> ACTIVITY: Only the pictures are dropped; the lines of the material that follow are returned exactly.

> SOURCE MATERIAL:
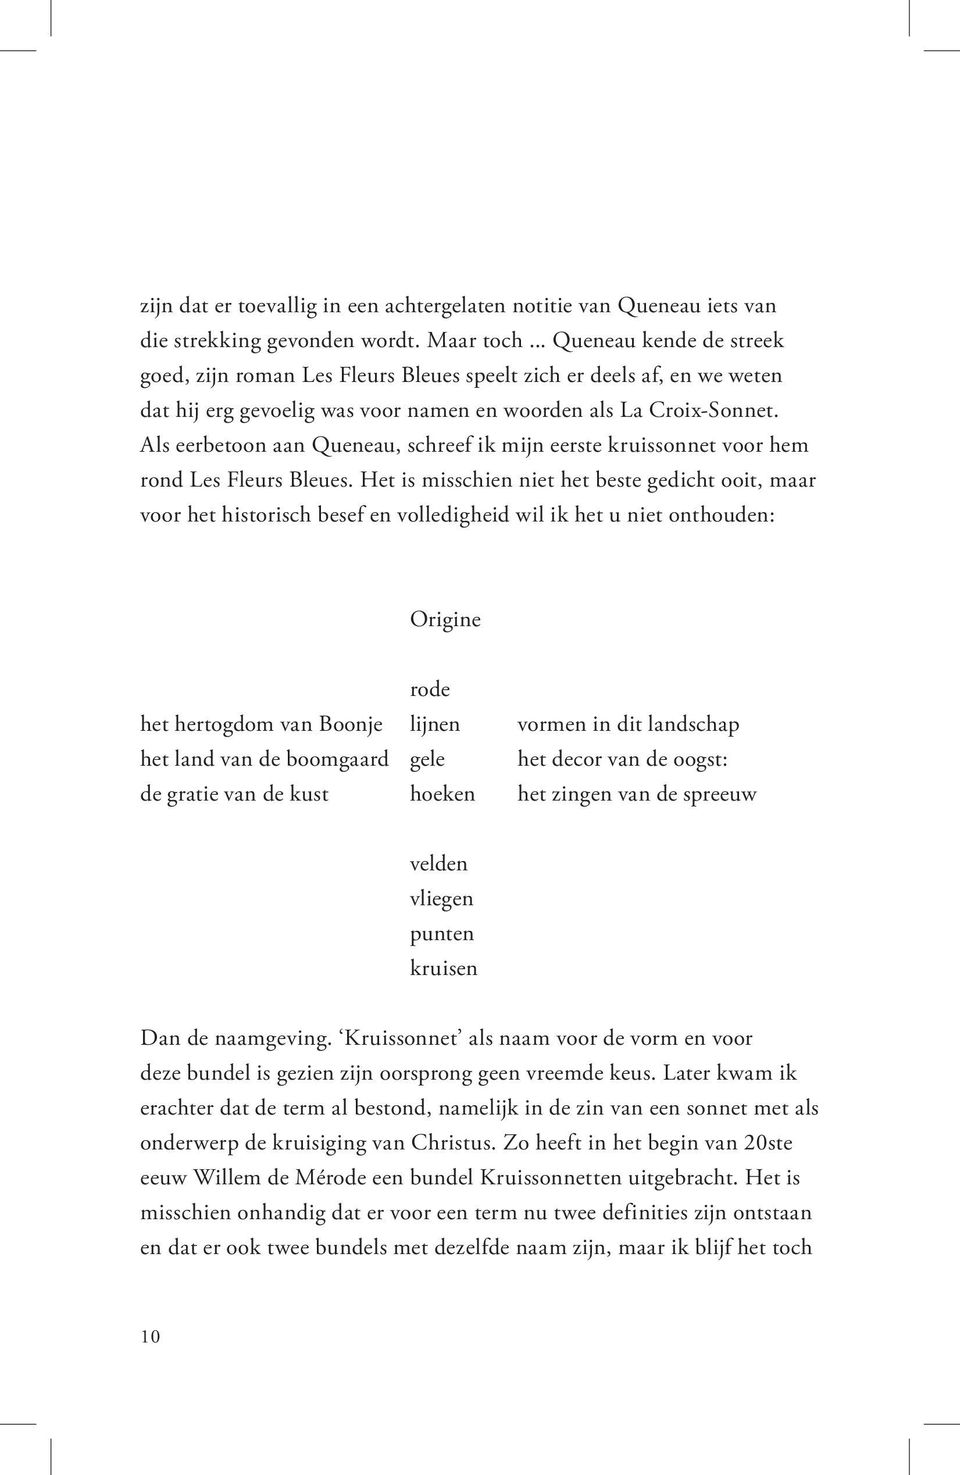 Als eerbetoon aan Queneau, schreef ik mijn eerste kruissonnet voor hem rond Les Fleurs Bleues.
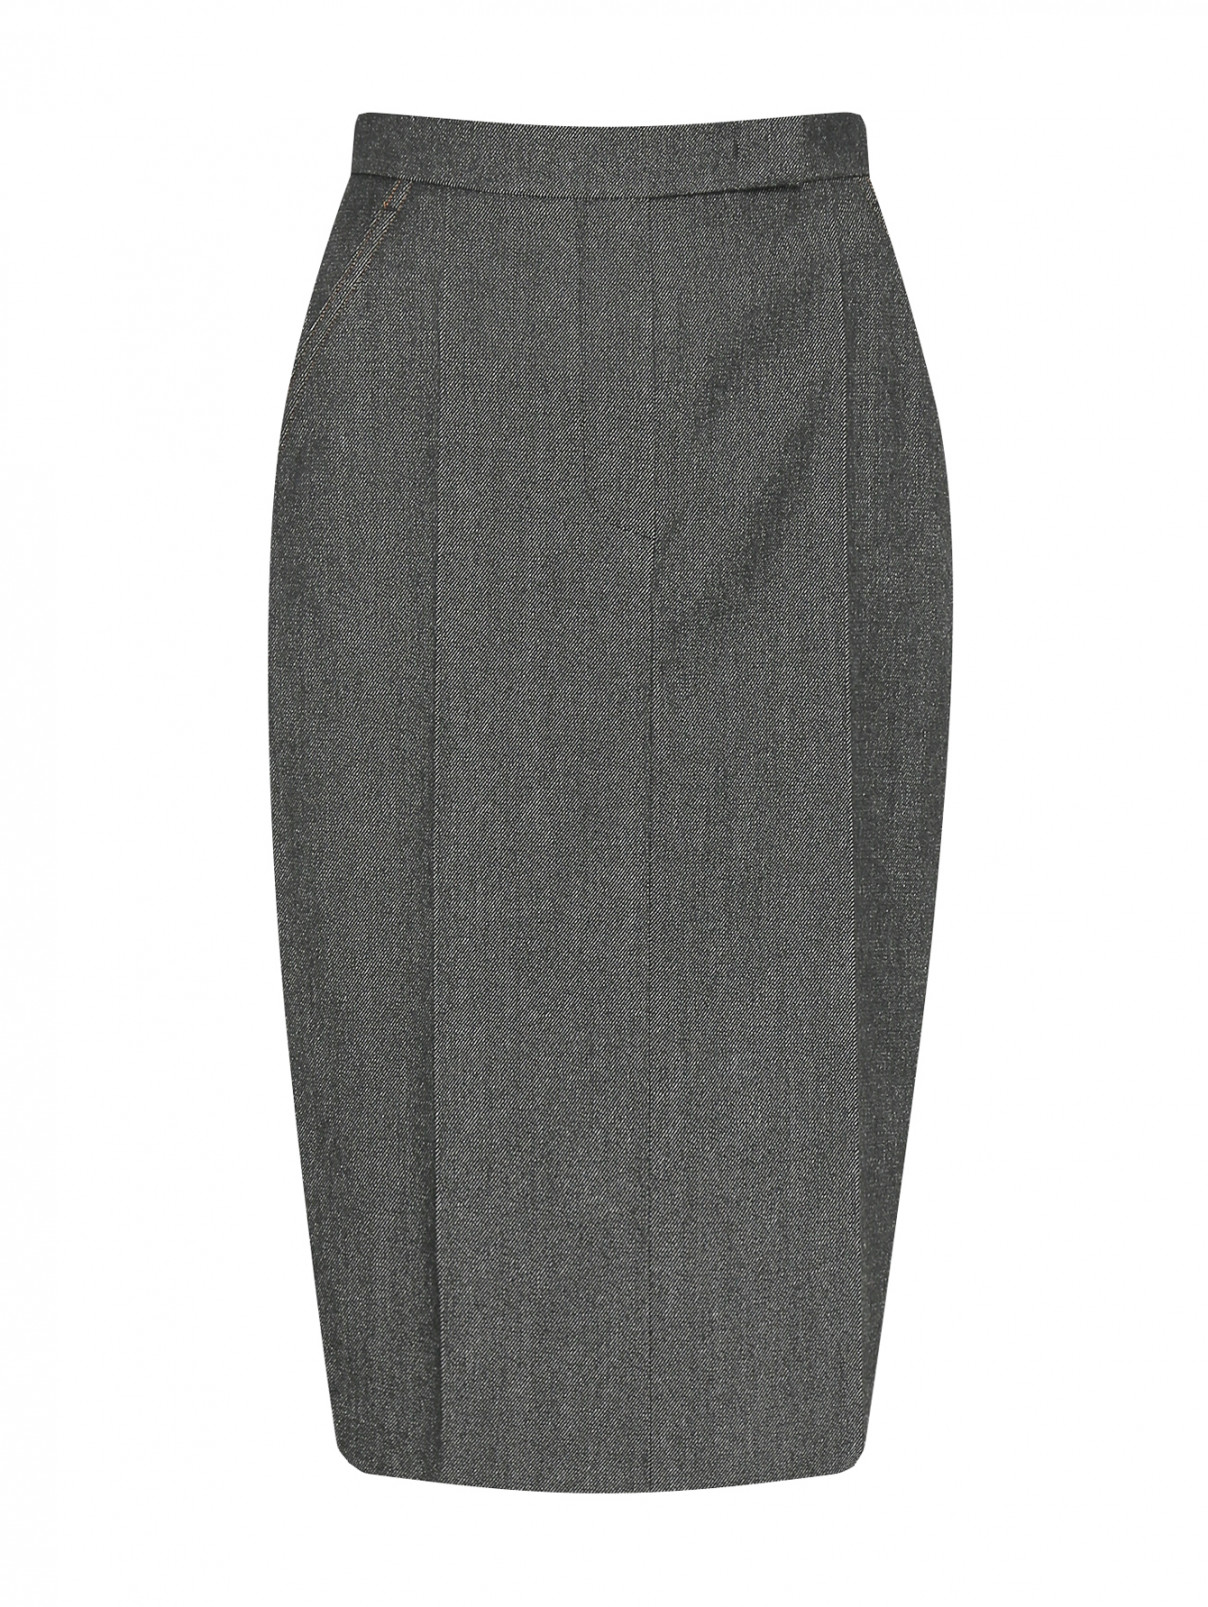 Юбка из шерсти с карманами Max Mara  –  Общий вид  – Цвет:  Серый
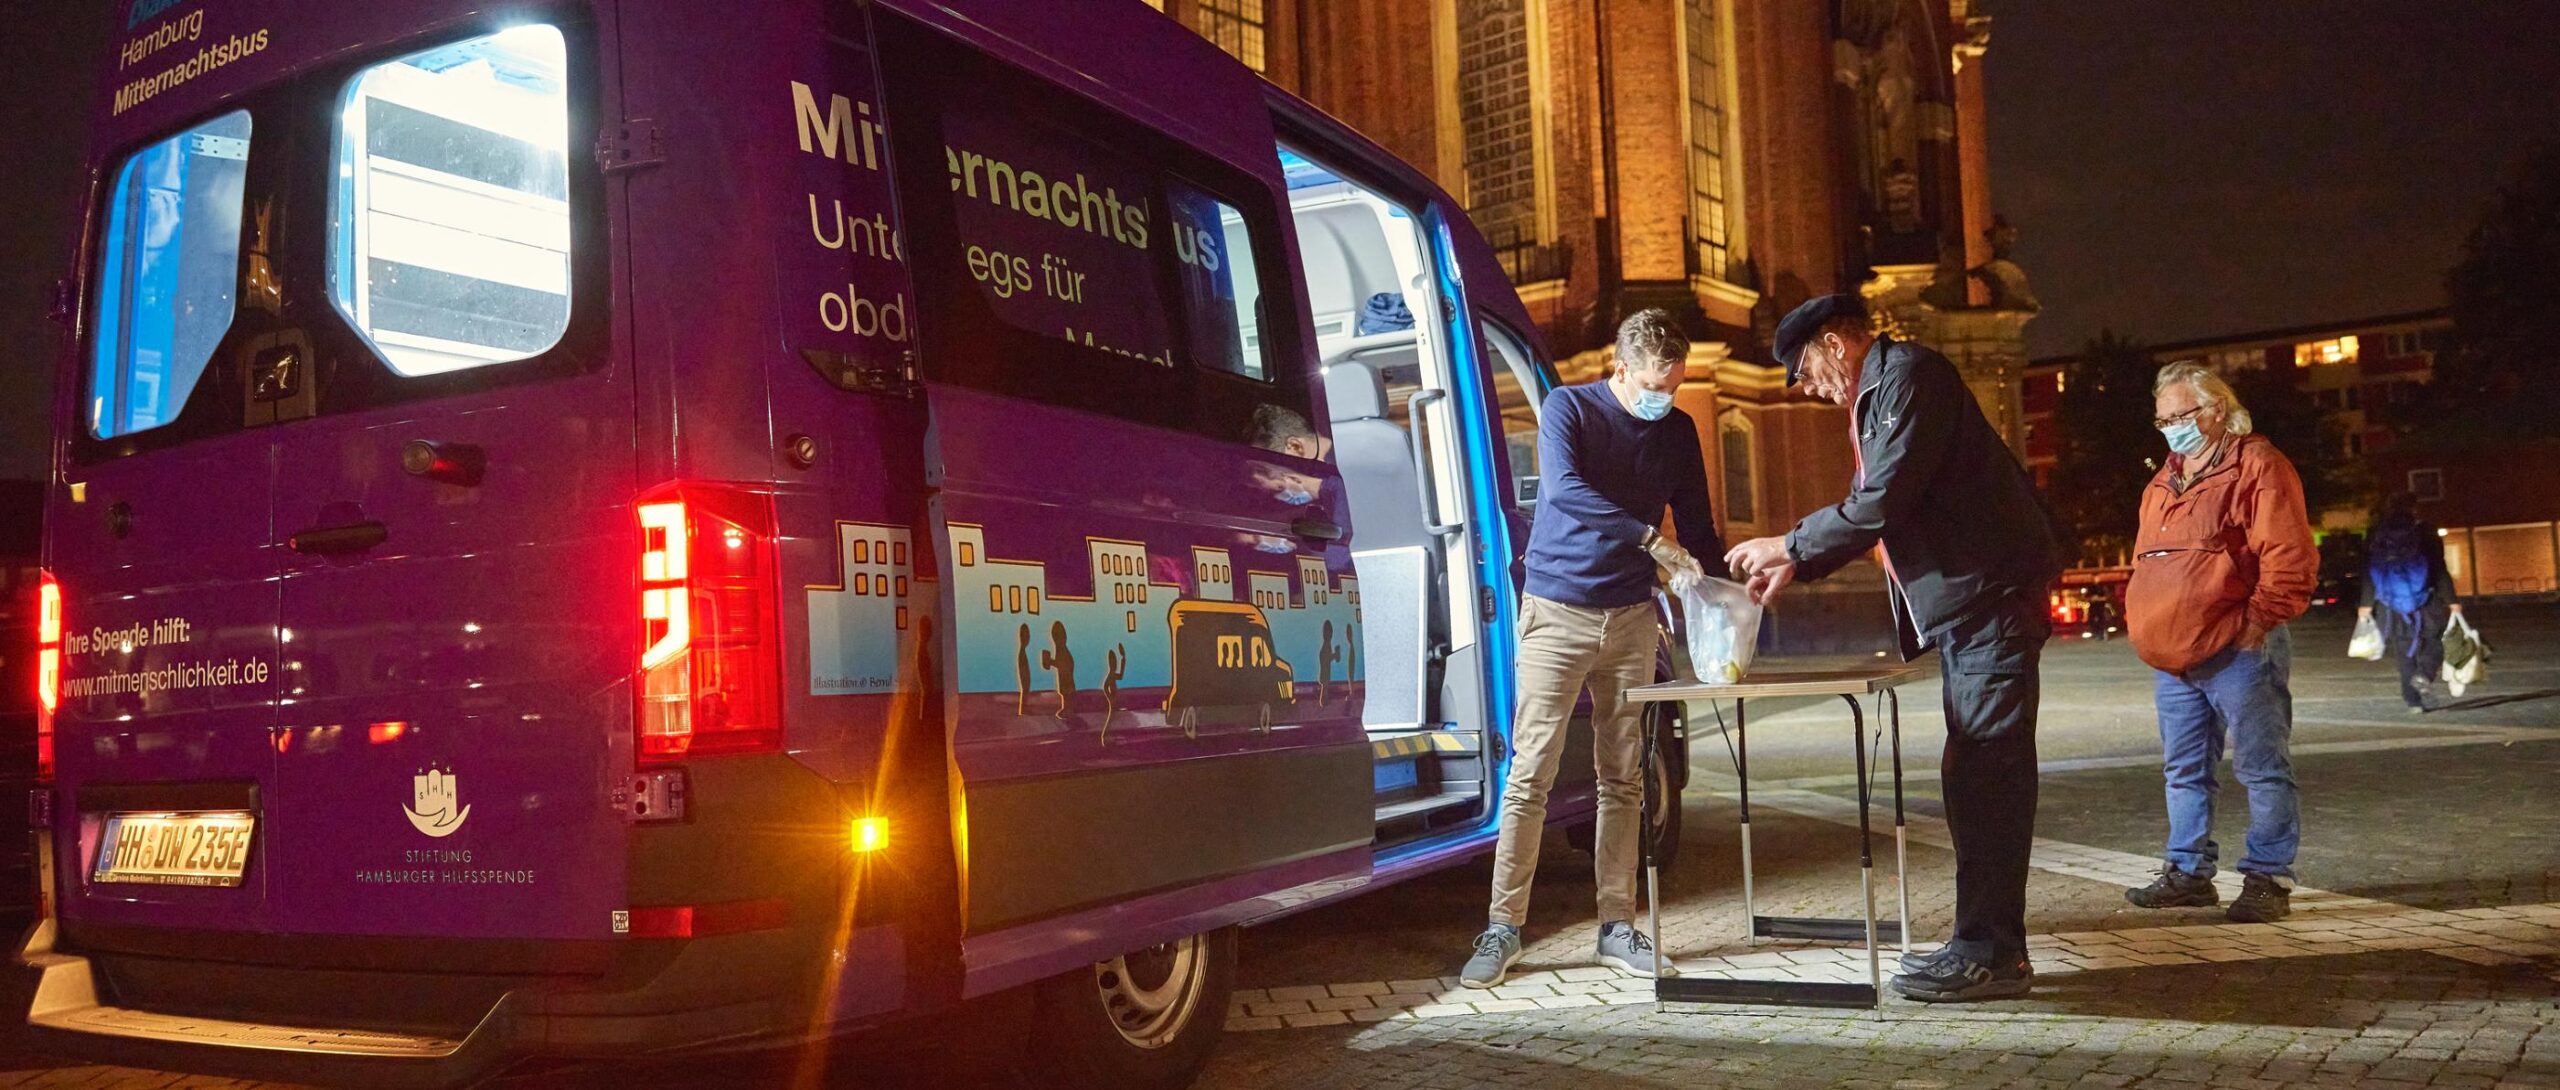 Mitternachtsbus-Tour-02-Diakonie-Hamburg.jpg_1895414505

> SOLUTION FOR THIS PROBLEM:
 Als eerbetoon aan Queneau, schreef ik mijn eerste kruissonnet voor hem rond Les Fleurs Bleues.
 Юбка из шерсти с карманами Max Mara  –  Общий вид  – Цвет:  Серый
 Mitternachtsbus-Tour-02-Diakonie-Hamburg.jpg_1895414505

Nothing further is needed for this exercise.